Foreign doctors will be able to receive visas allowing them to practice in the United States, after the Trump administration quietly changed a policy to exempt them from a travel ban.

A Department of Homeland Security policy stemming from a travel ban that was put in place in January had frozen processing of visa extensions, work permits and green cards for citizens of 39 countries. As The New York Times reported last month, some physicians were subsequently placed on administrative leave by hospitals, and many others faced the imminent threat of being forced to stop working.

Late last week, the U.S. Citizenship and Immigration Services updated its website, without a formal announcement, to indicate that physicians are no longer subject to the processing hold. In response to questions from The Times, D.H.S. confirmed in a statement that “Applications associated with medical physicians will continue processing,” meaning that the agency will resume issuing visas and work permits for the group.

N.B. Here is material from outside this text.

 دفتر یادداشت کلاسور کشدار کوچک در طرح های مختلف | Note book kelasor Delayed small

The United States faces a shortage of about 65,000 physicians, according to the Association of American Medical Colleges, and the deficit is expected to surge over the next decade as Americans live longer and more doctors retire.

More than 60 percent of foreign physicians practice primary care, including family medicine, internal medicine and pediatrics, which many American doctors shun because of grueling workloads and lower pay compared with other specialties.

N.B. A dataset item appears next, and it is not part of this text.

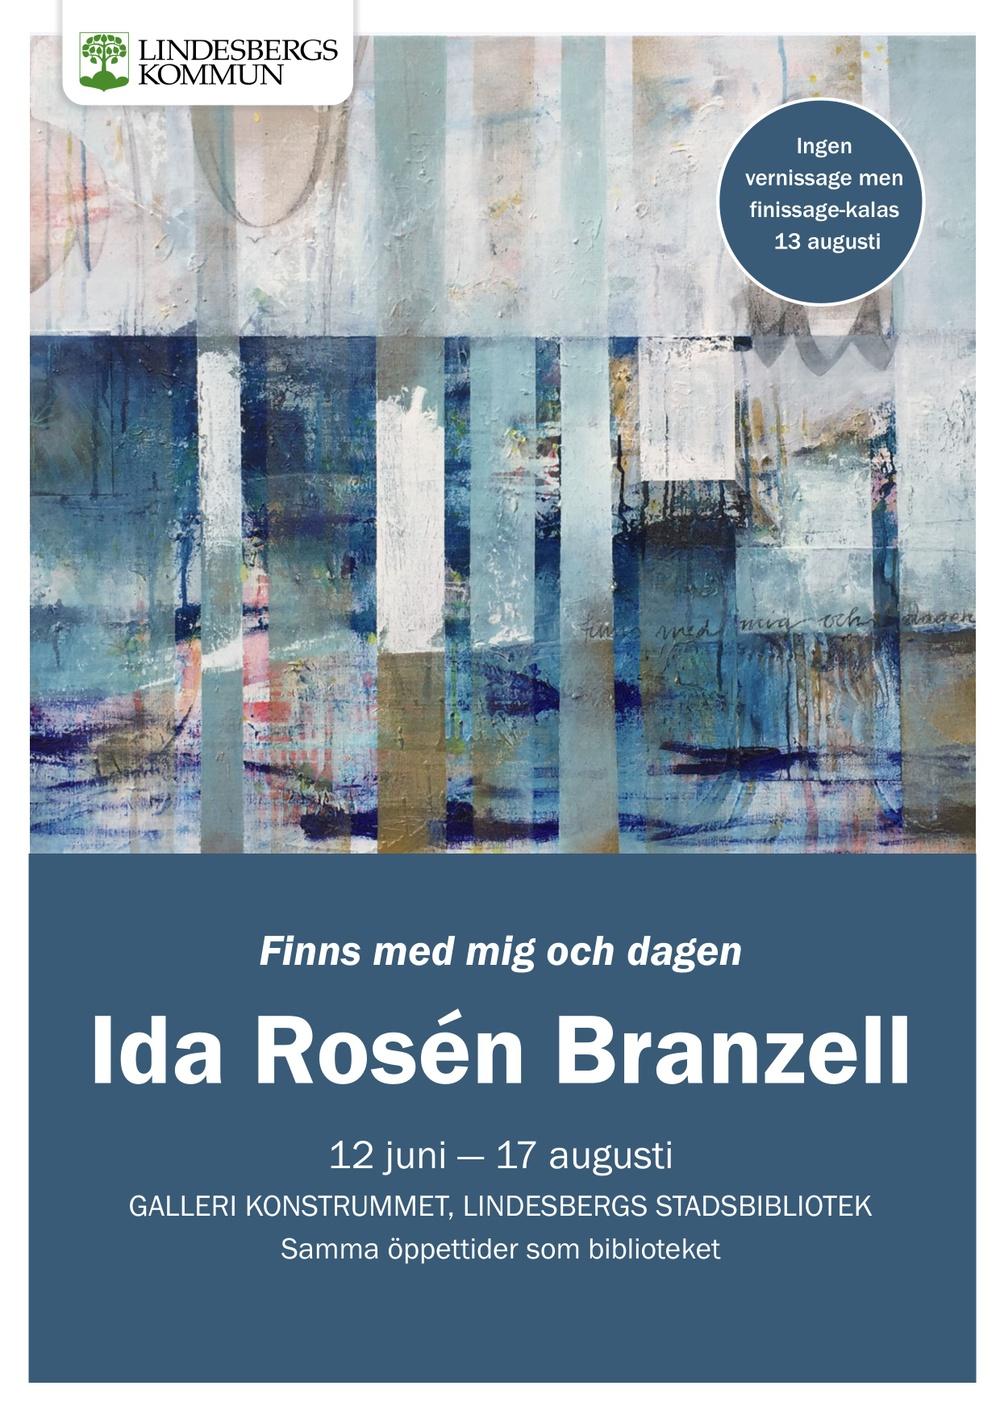 Affisch för utställningen Finns med mig och dagen. Utställningen pågår 12 juni - 17 augusti i Galleri konstrummet på Lindesbergs Stadsbibliotek.

“I am glad that the administration took measures to ensure that we can keep our dedicated international physicians,” said Dr. Rebecca Andrews, chair of the Board of Regents for the American College of Physicians, which represents internists, the primary care doctors who treat adults.

“We need to recruit the most skilled doctors no matter where they are from,” she said.

Foreign physicians make up 25 percent of all doctors working in the United States. Physicians from Africa, the Middle East and Venezuela were among those displaced from their jobs.

Ezequiel Veliz, a family doctor from Venezuela who fell out of legal status and whose new visa had not been processed, was detained by federal agents on April 6 at a checkpoint in Texas. He was released 10 days later.

On April 8, more than 20 doctor associations, including the American academies of family physicians, neurology and pediatrics, signed a letter to the secretaries of state and homeland security expressing “urgent concern” about barriers preventing “qualified, vetted physicians” from entering and remaining in the United States, and calling for a national-interest exemption from the policy as well as expedited processing of their cases.

“Affected physicians have not yet been notified about any changes in their visa process, but we are hopeful after seeing this update,” said Sebastian Arruarana, founder of Project IMG, an organization that represents thousands of international medical graduates in the United States.

Dr. Arruarana, an Argentine internist who has practiced in New York for five years, said that roughly 1,000 doctors completing residencies and fellowships in U.S. hospitals next month were in jeopardy of losing placements in federally designated underserved areas.

Hundreds more accepted into residency programs starting on July 1 were also in limbo, unsure if they could report for duty at hospitals.

Last June, President Trump issued a travel ban covering 19 countries. An expanded order affecting 39 countries went into effect in January. The action mirrored a ban from his first term, which denied entry to people from several majority-Muslim countries. However, that iteration did not apply to people already living and working in the country.

Curtis Morrison, a lawyer who has filed about a dozen lawsuits in federal court to compel the government to process applications, described the exemption as “a great development for physicians and health care in the U.S.”